In the group’s annual general meeting held this week in Sydney, managing director Grant Harrod addressed the company’s 1.8 per cent drop in sales revenue and its 10.6 per cent drop in profit to $42.4 million.

Harrod said that acquisitions of new digital businesses and softer trading conditions had dragged down the organisation’s overall figures – a condition that has continued into the next financial year.

“The first quarter of FY12 has been continued softer trading conditions, particularly in the retail segment, which has slowed the momentum of some of our businesses,” he said.

“Given the continued volatility of the macro environment we are inclined to take a more conservative view and anticipate the benefits from our growth strategy will push into the following fiscal period as we deal with softer trading conditions.”

The 2011 financial year saw Salmat spend over $100 million in buying up digital businesses, many from the Photon group. The company’s digital drive culminated with the formation of Salmat Digital and the appointment of Nick Spooner to oversee the new department.

Despite this digital spending spree, Harrod suggested that the new department would not begin to see real profits until the second half of next year.

“The first quarter [of 2012] has generally been soft,” he said. “However, we are expecting an improvement in conditions for the second quarter.

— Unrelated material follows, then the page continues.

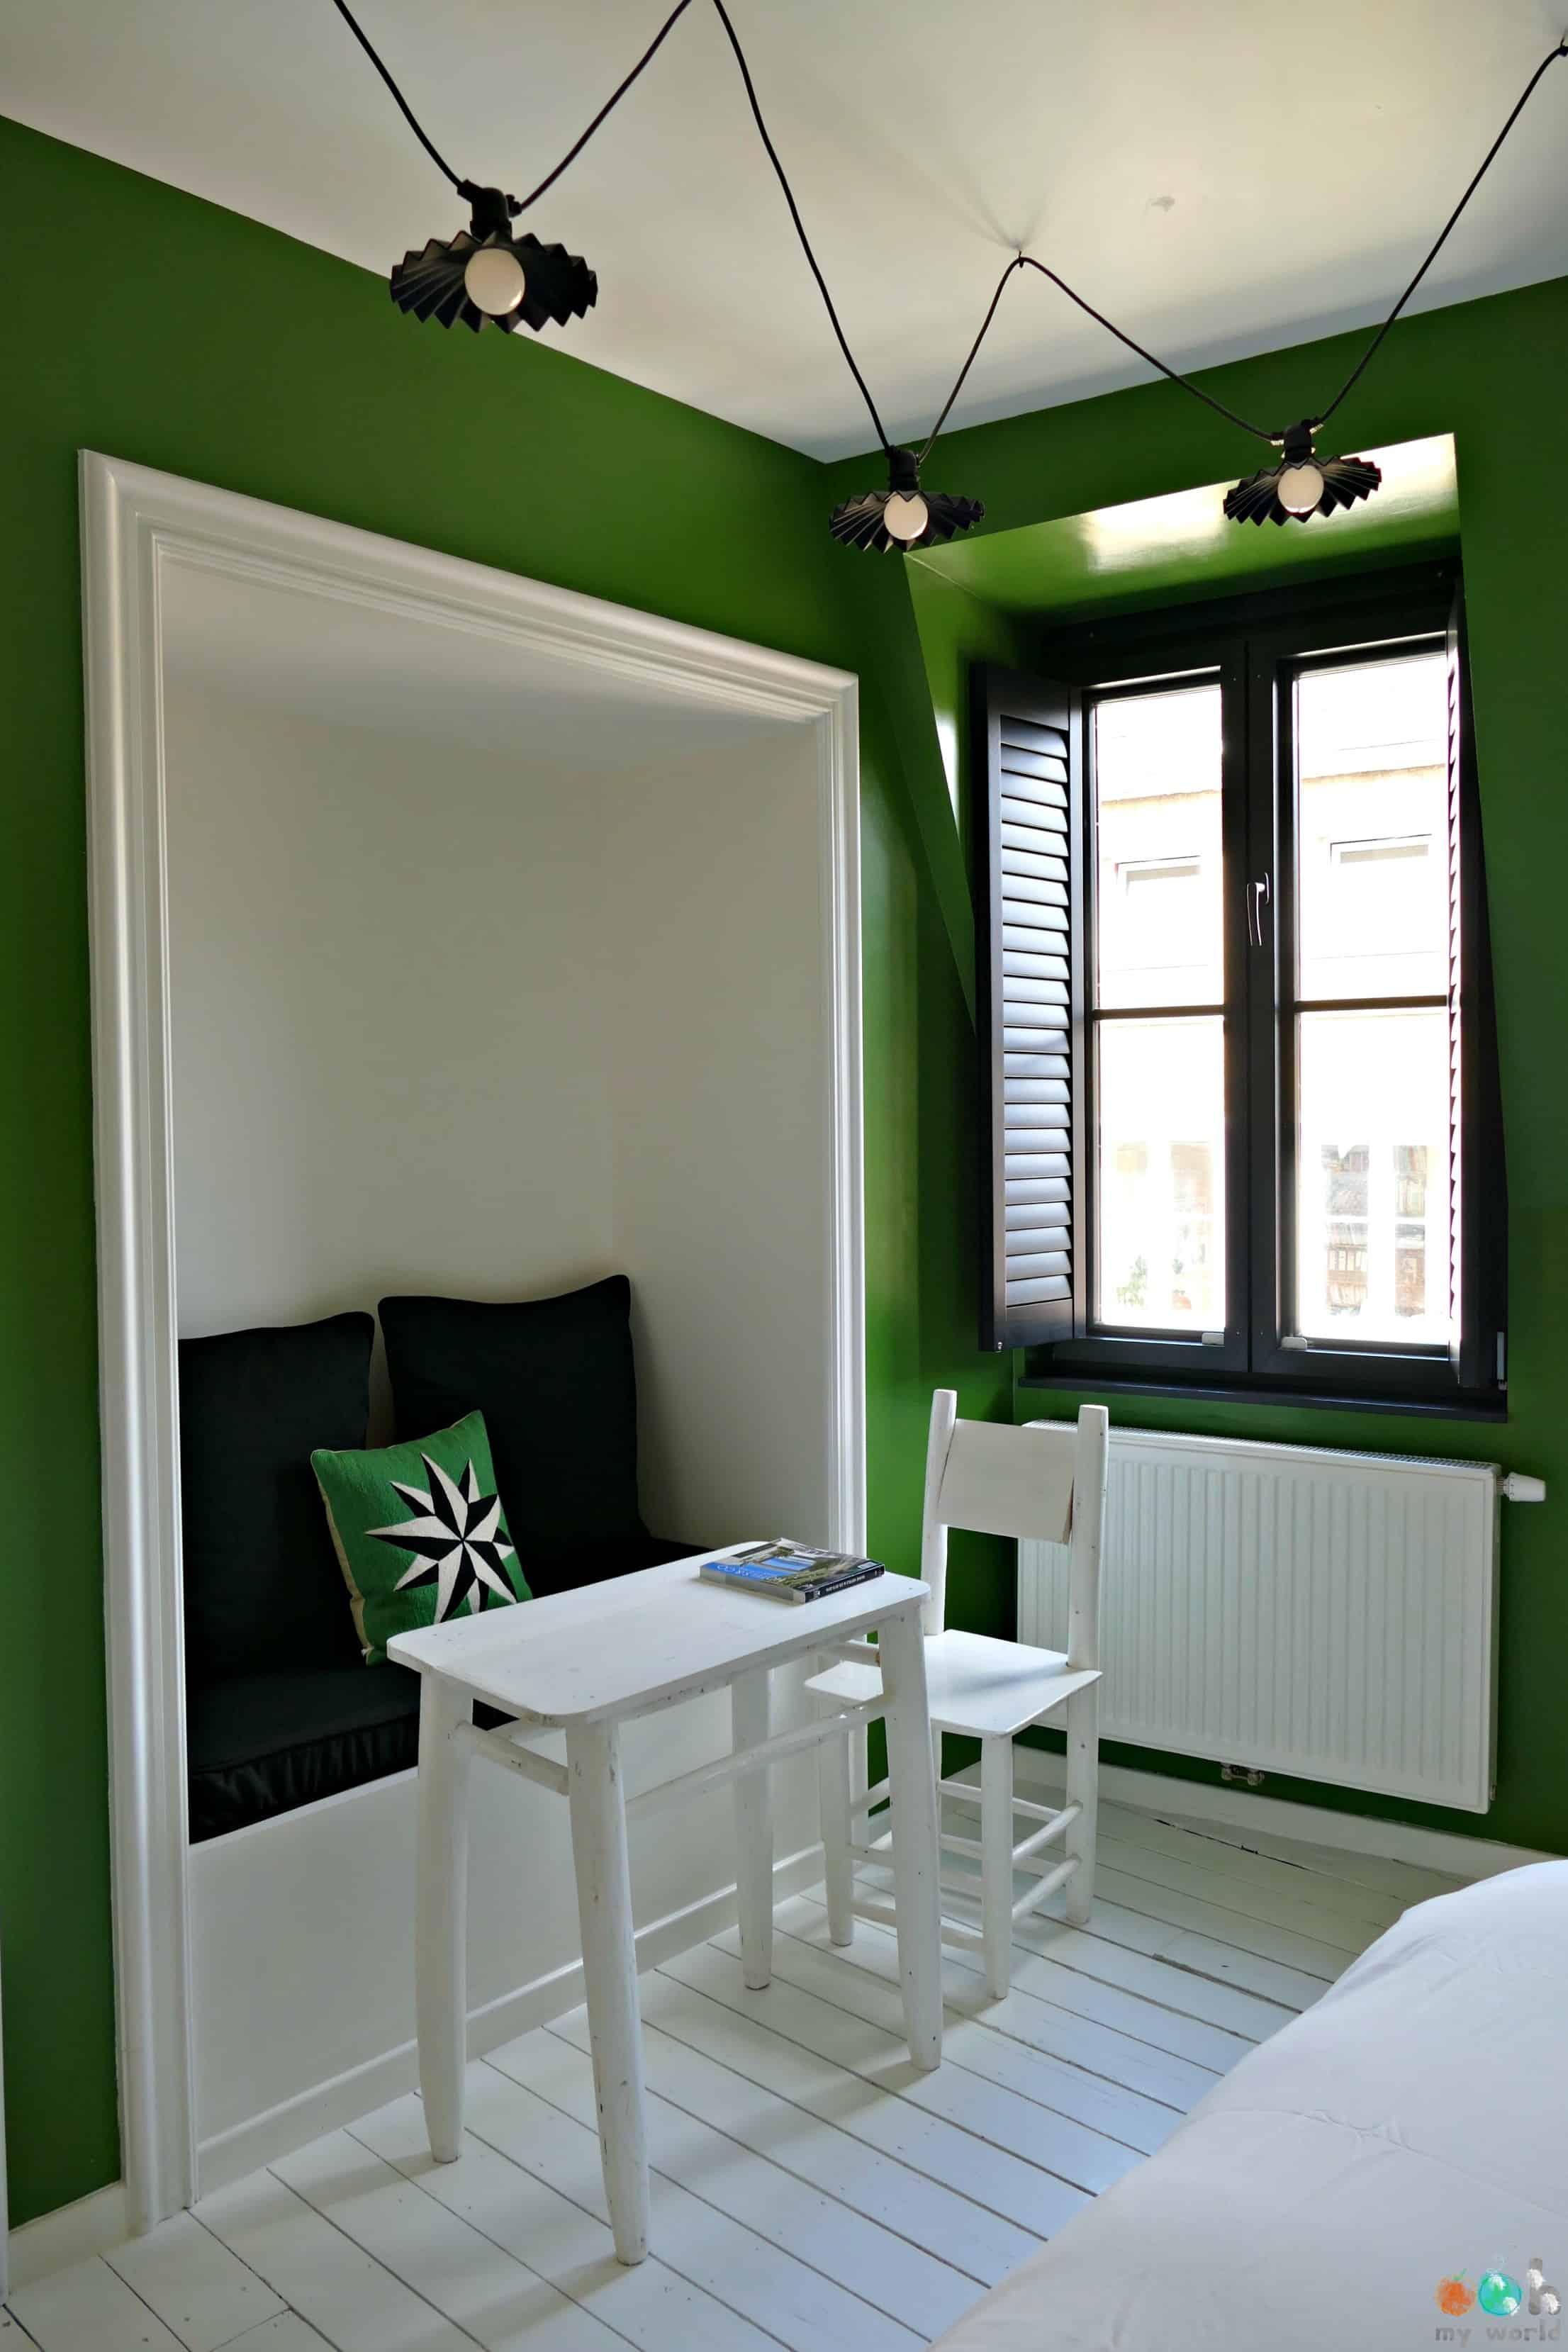 Coin lecture de la chambre végétale du Bed and Breakfast la Maison Haute dans les Marolles de Bruxelles

We are anticipating the second half will post a stronger performance than the current half.”

At the core of the company’s slump seems to be the drift away from traditional print mailing, with the long-term shift to electronic mail hovering around 2-3 per cent per annum.

The company intends to offset that decline by building up its BPO division and e-solutions business. However, until its new digital acquisitions begin to perform as hoped, the company can expect profits to remain sluggish.

Harrod (pictured) believes that the growth in market demand for digital incorporation into its multi-channel marketing services will translate into greater earnings sooner, rather than later, for the company.

“While our traditional communication channels remain highly relevant, demand for complementary services in the digital space continues to grow as this market grows,” he said.

Harrods announcement this week to shareholders echoes what he said in August when the company’s financial report was published, in which he suggested that, “ongoing volatility in global markets will continue to dampen local trading conditions.”